1991年秋にマサチューセッツ州グローチェスター沖の北大西洋を襲った猛烈な嵐(3つの嵐が激突してもたらした「完璧な嵐 Perfect Storm」)と、その嵐に巻き込まれた漁船「アンドレア・ゲイル」号のタイン船長(クルーニー)をはじめとするクルーたちの生存への闘いを描く、実話を基にしたスペクタクル。CGを駆使したパーフェクト・ストームのSFXはILMが担当。
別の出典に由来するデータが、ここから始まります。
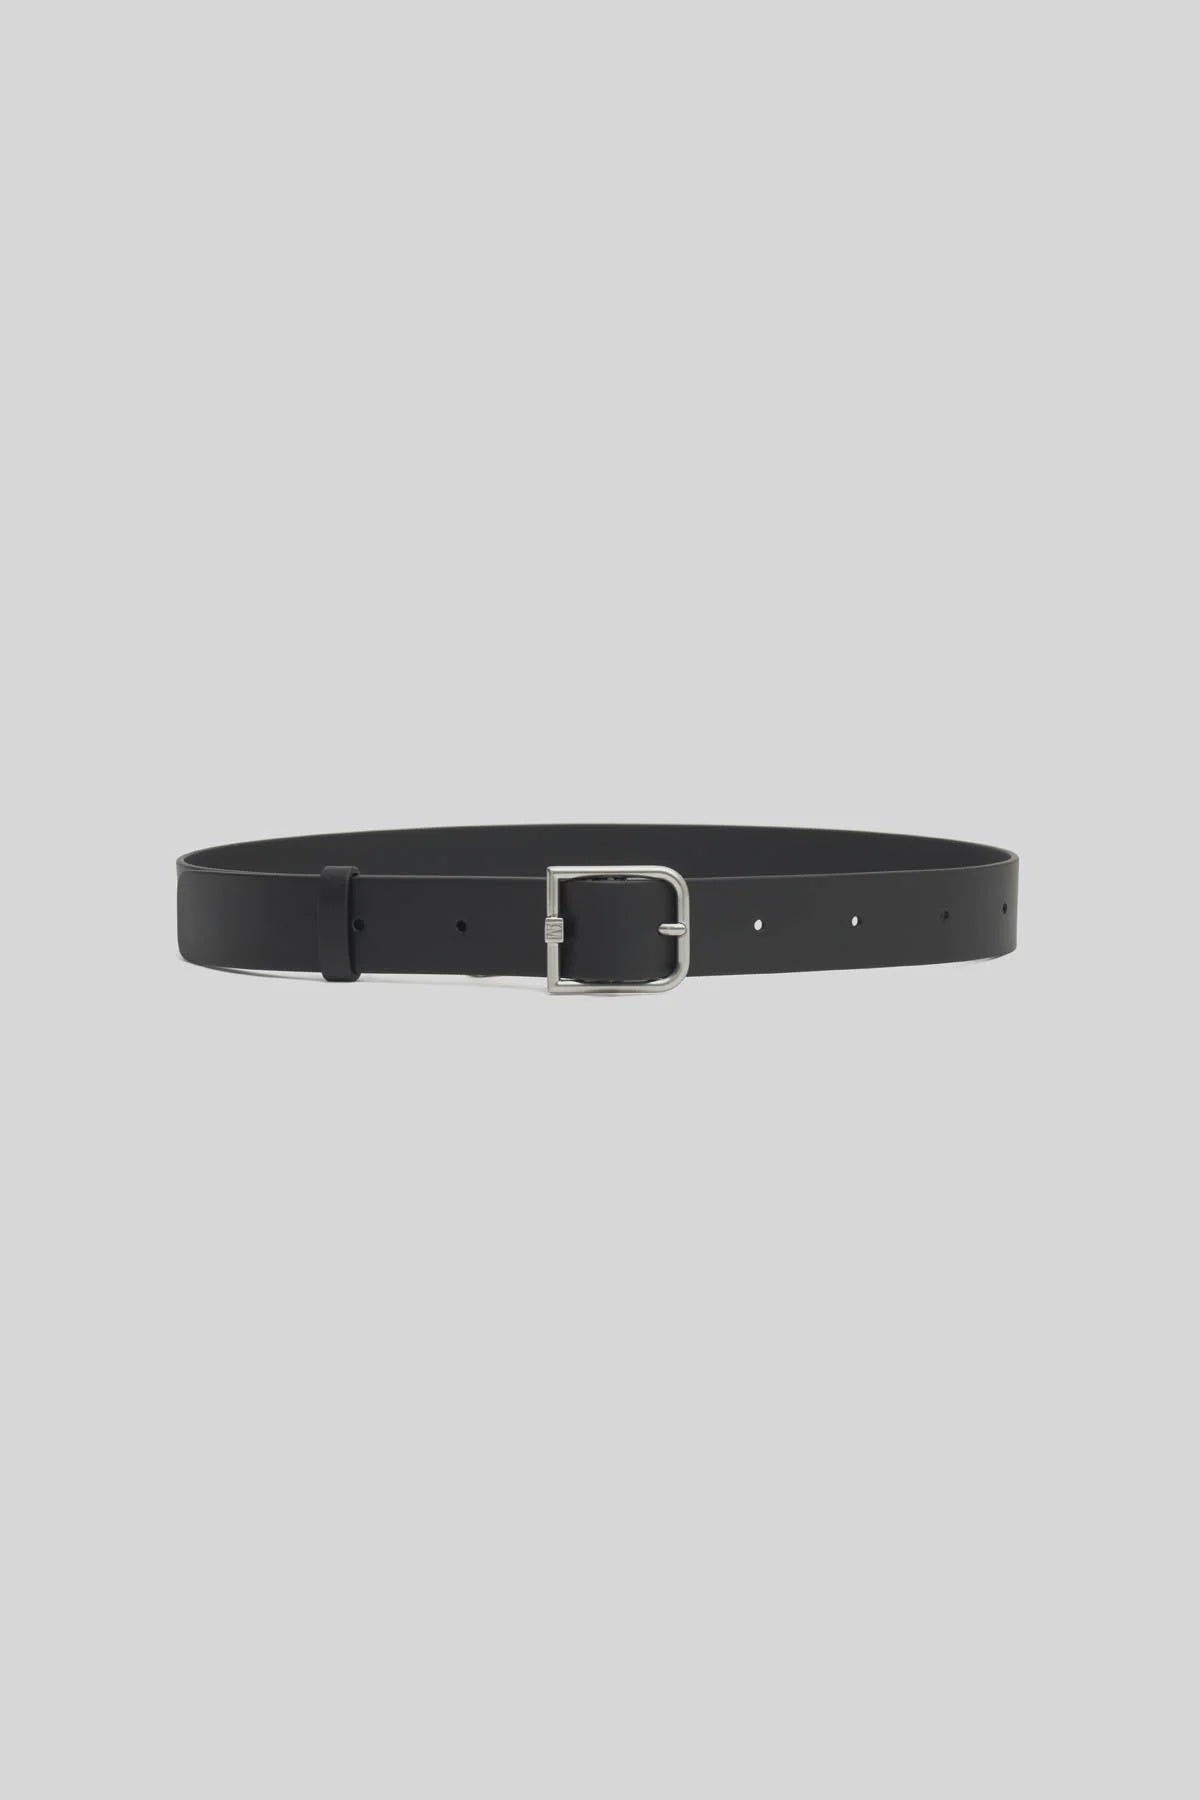 C&M Belts C&M | Addison Belt - Black w/ Silver
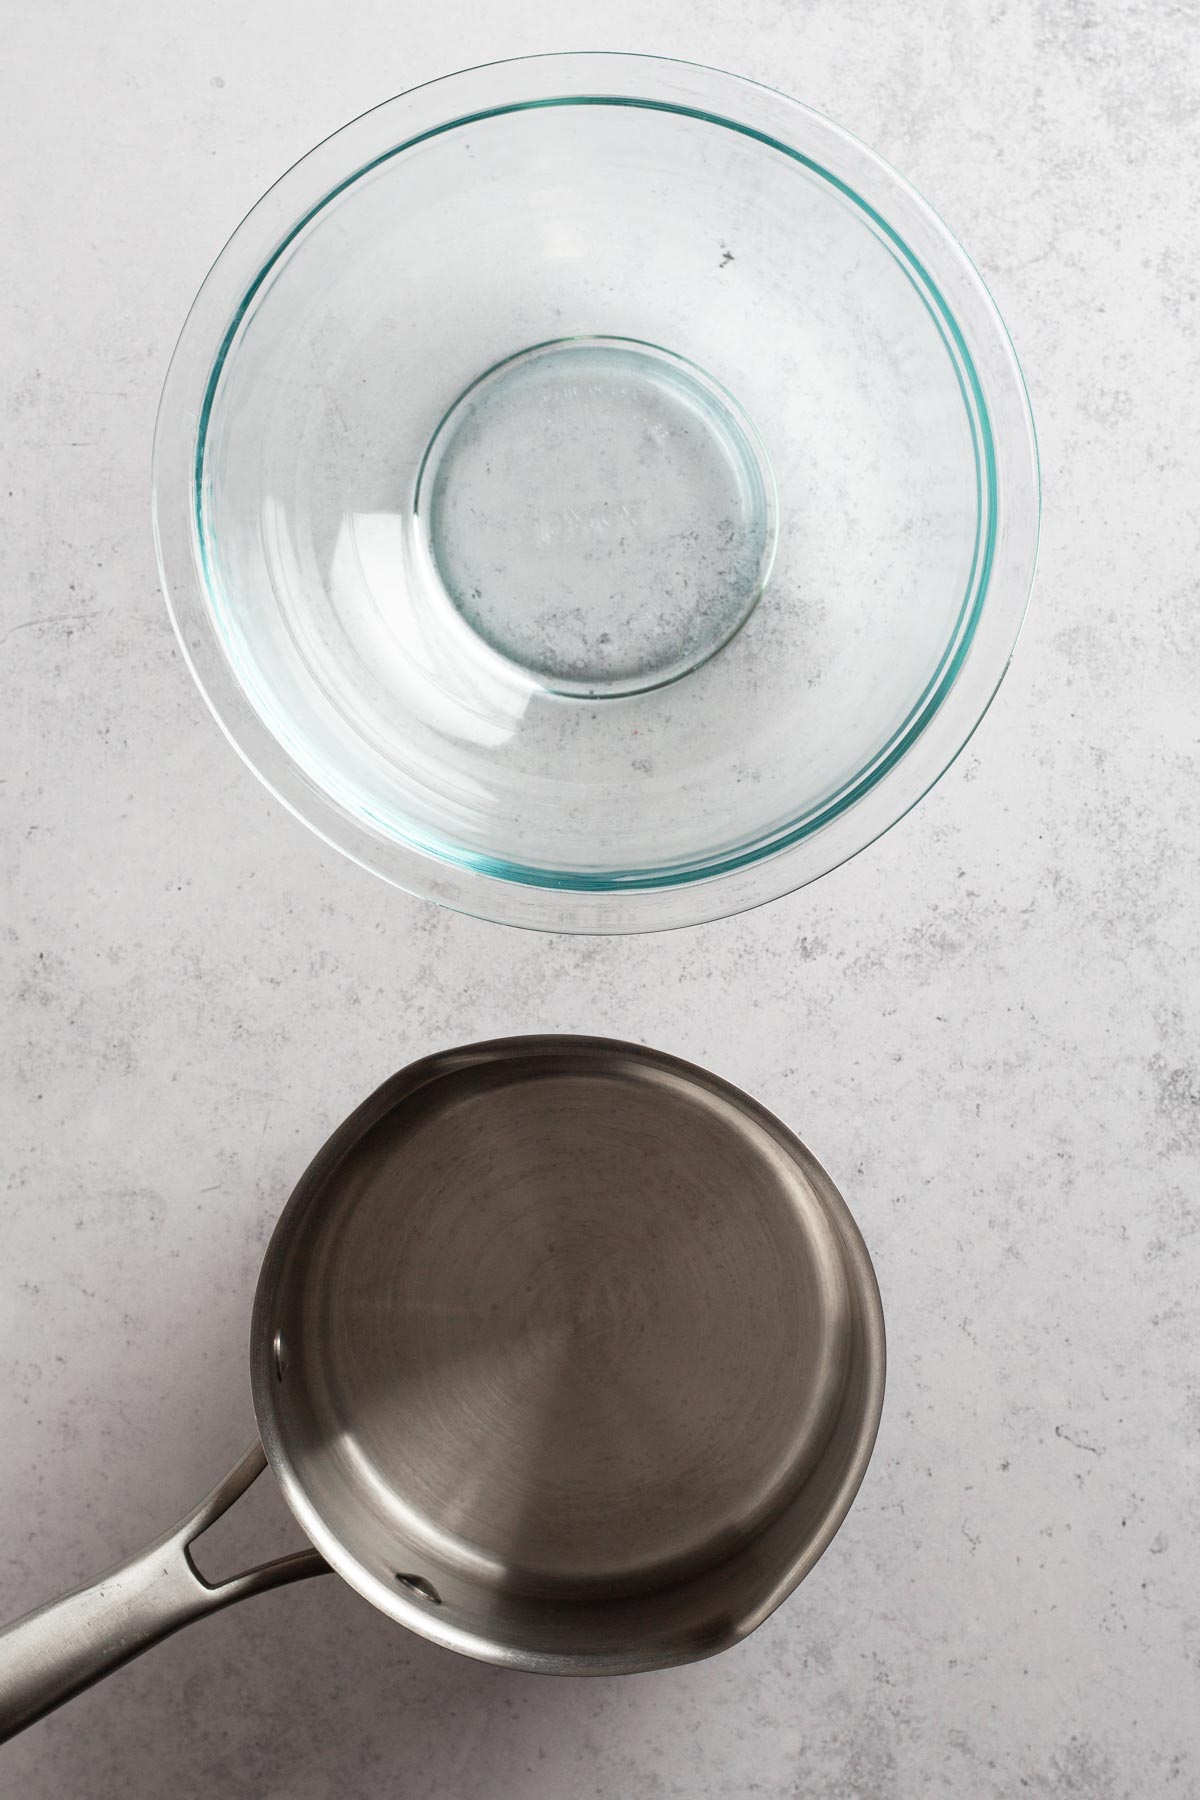 saucepan and glass bowl on a gray surface

ジェームズ・ホーナーによるスコアは大編成オーケストラを高らかに鳴らした壮大でダイナミックなスペクタクル音楽。彼のいつもの作品と違い全体的にオリジナリティが感じられるところが非常に良い。冒頭の「Coming Home from the Sea」は静かで穏やかな前半から、後半は勇壮でヒロイックなメインテーマへと展開するが、この曲は最近のホーナーの作品ではベストの出来であろう。この主題は「"Let's Go, Boys"」「To the Flemish Cap」の後半や「"There's No Goodbye... Only Love"」でも登場し、エモーショナルな盛り上がりを見せる。「The Decision to Turn Around」「Small Victories」「Coast Guard Rescue」でのパワフルなアクションスコアも緊張感があって良い。オーケストラによる音楽は全9曲だが、各々のトラックが長いものだと8〜10分もあるので全体で79分もある大作。もともとホーナーには長いスコアが多く、そのほとんどは聴いているとうんざりして「もういいよ」と言いたくなる作品だが、このスコアはその長さの割には退屈せずに聴くことができる。主題歌の「Yours Forever」のヴォーカルはジョン・メレンキャンプ

ホーナーにはがっかりさせられることが多いが、たまにこういう優れたスコアを書いてくれるとちょっと安心する。